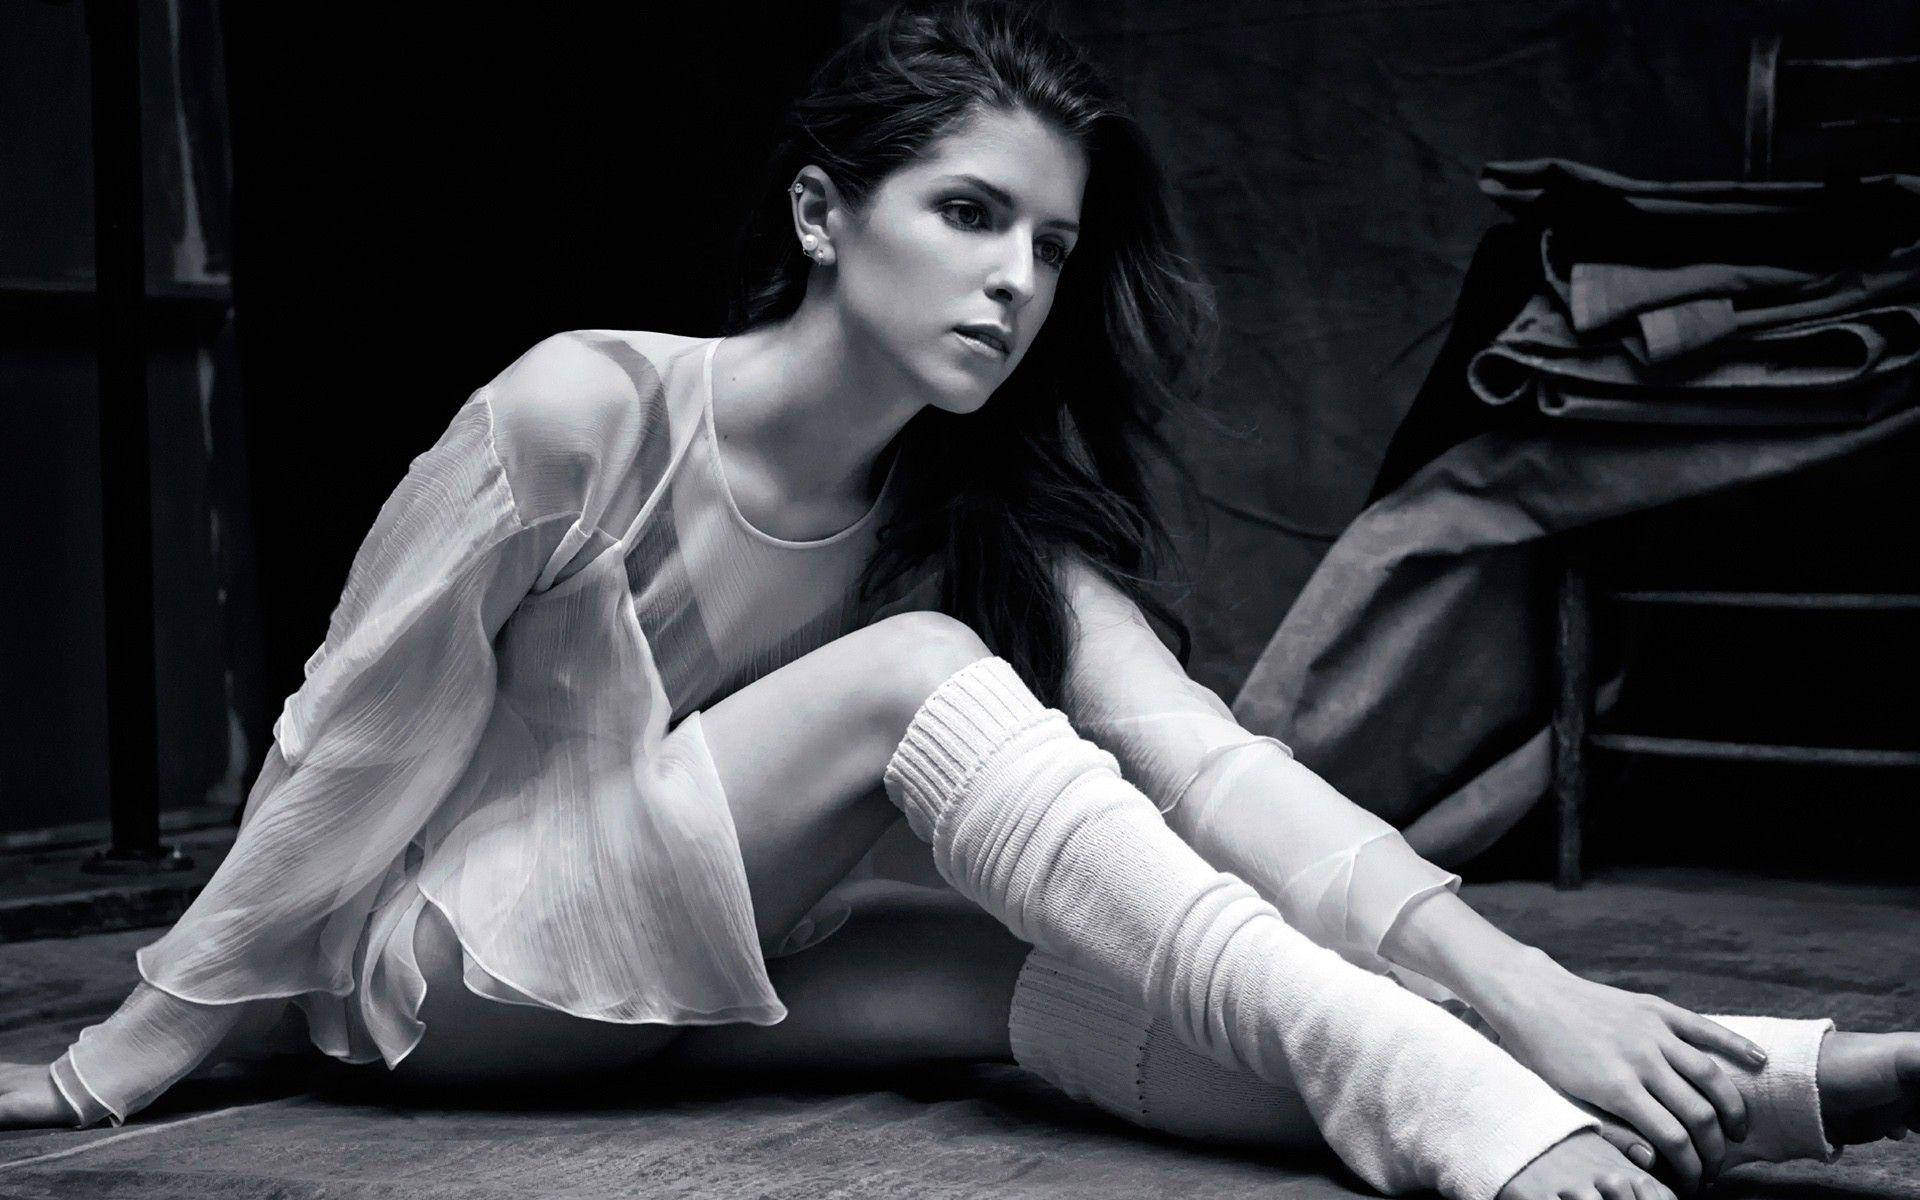 Caption: Anna Kendrick Stunning In Photoshoot For The Edit Magazine Background
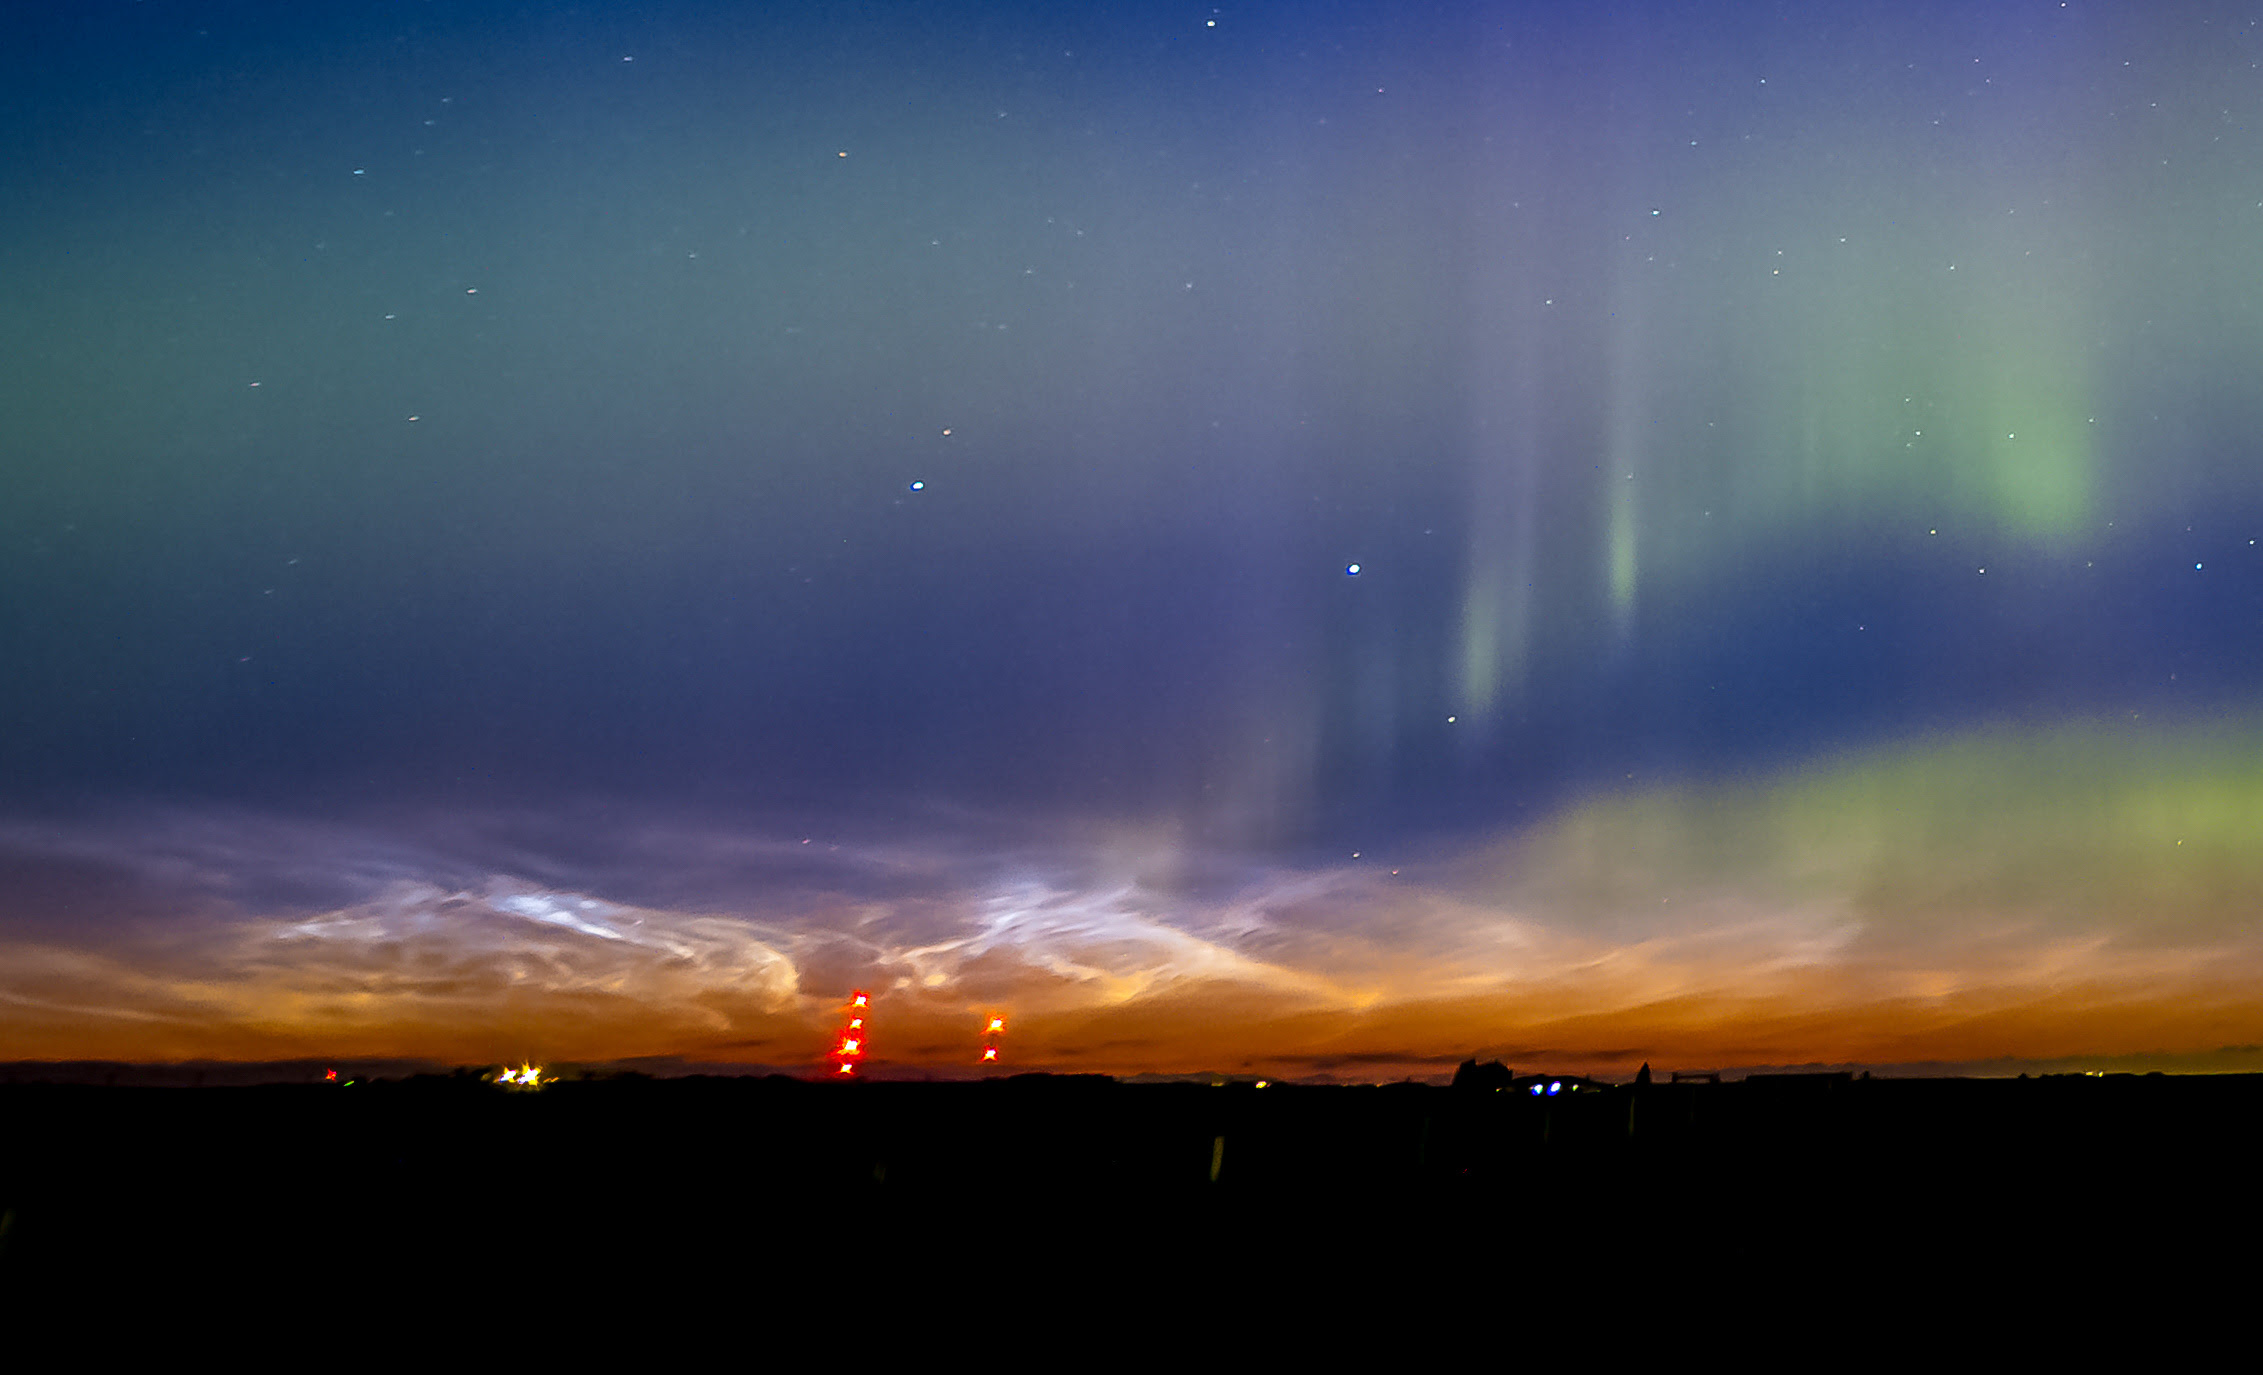 Noctilucent clouds and an aurora | Today's Image | EarthSky
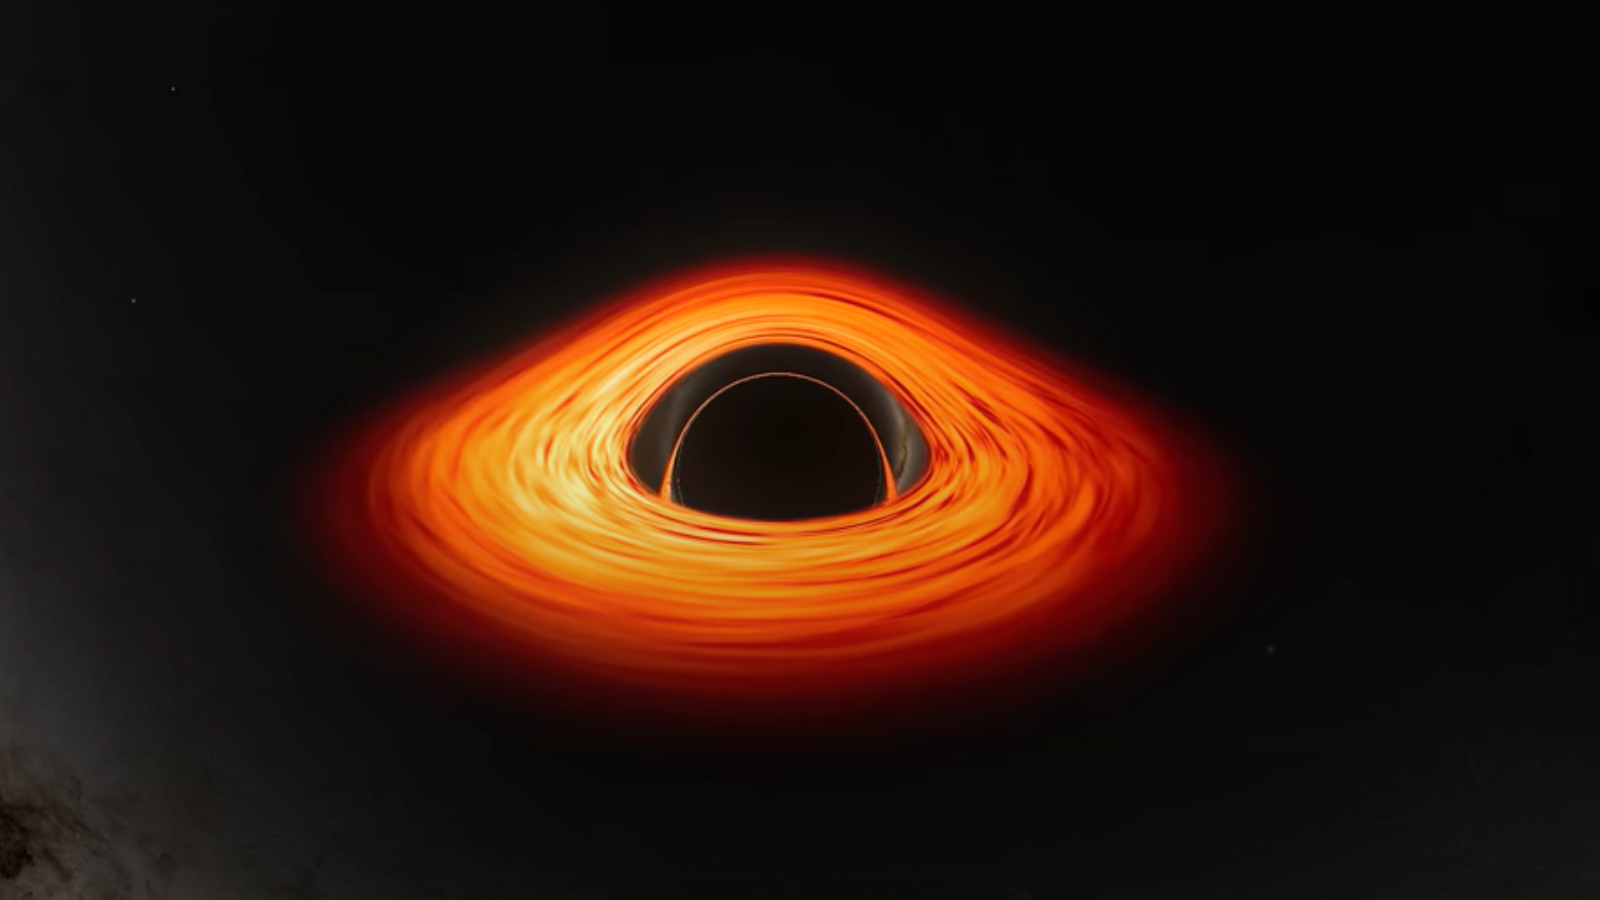 Fall into a black hole in mind-bending NASA animation (video) Space

---------------

#### TASK BRIEF:
The full listing, reproduced exactly and without pictures, is the expected output.

#### TASK OUTPUT:
 Caption: Anna Kendrick Stunning In Photoshoot For The Edit Magazine Background
 Noctilucent clouds and an aurora | Today's Image | EarthSky
 Fall into a black hole in mind-bending NASA animation (video) Space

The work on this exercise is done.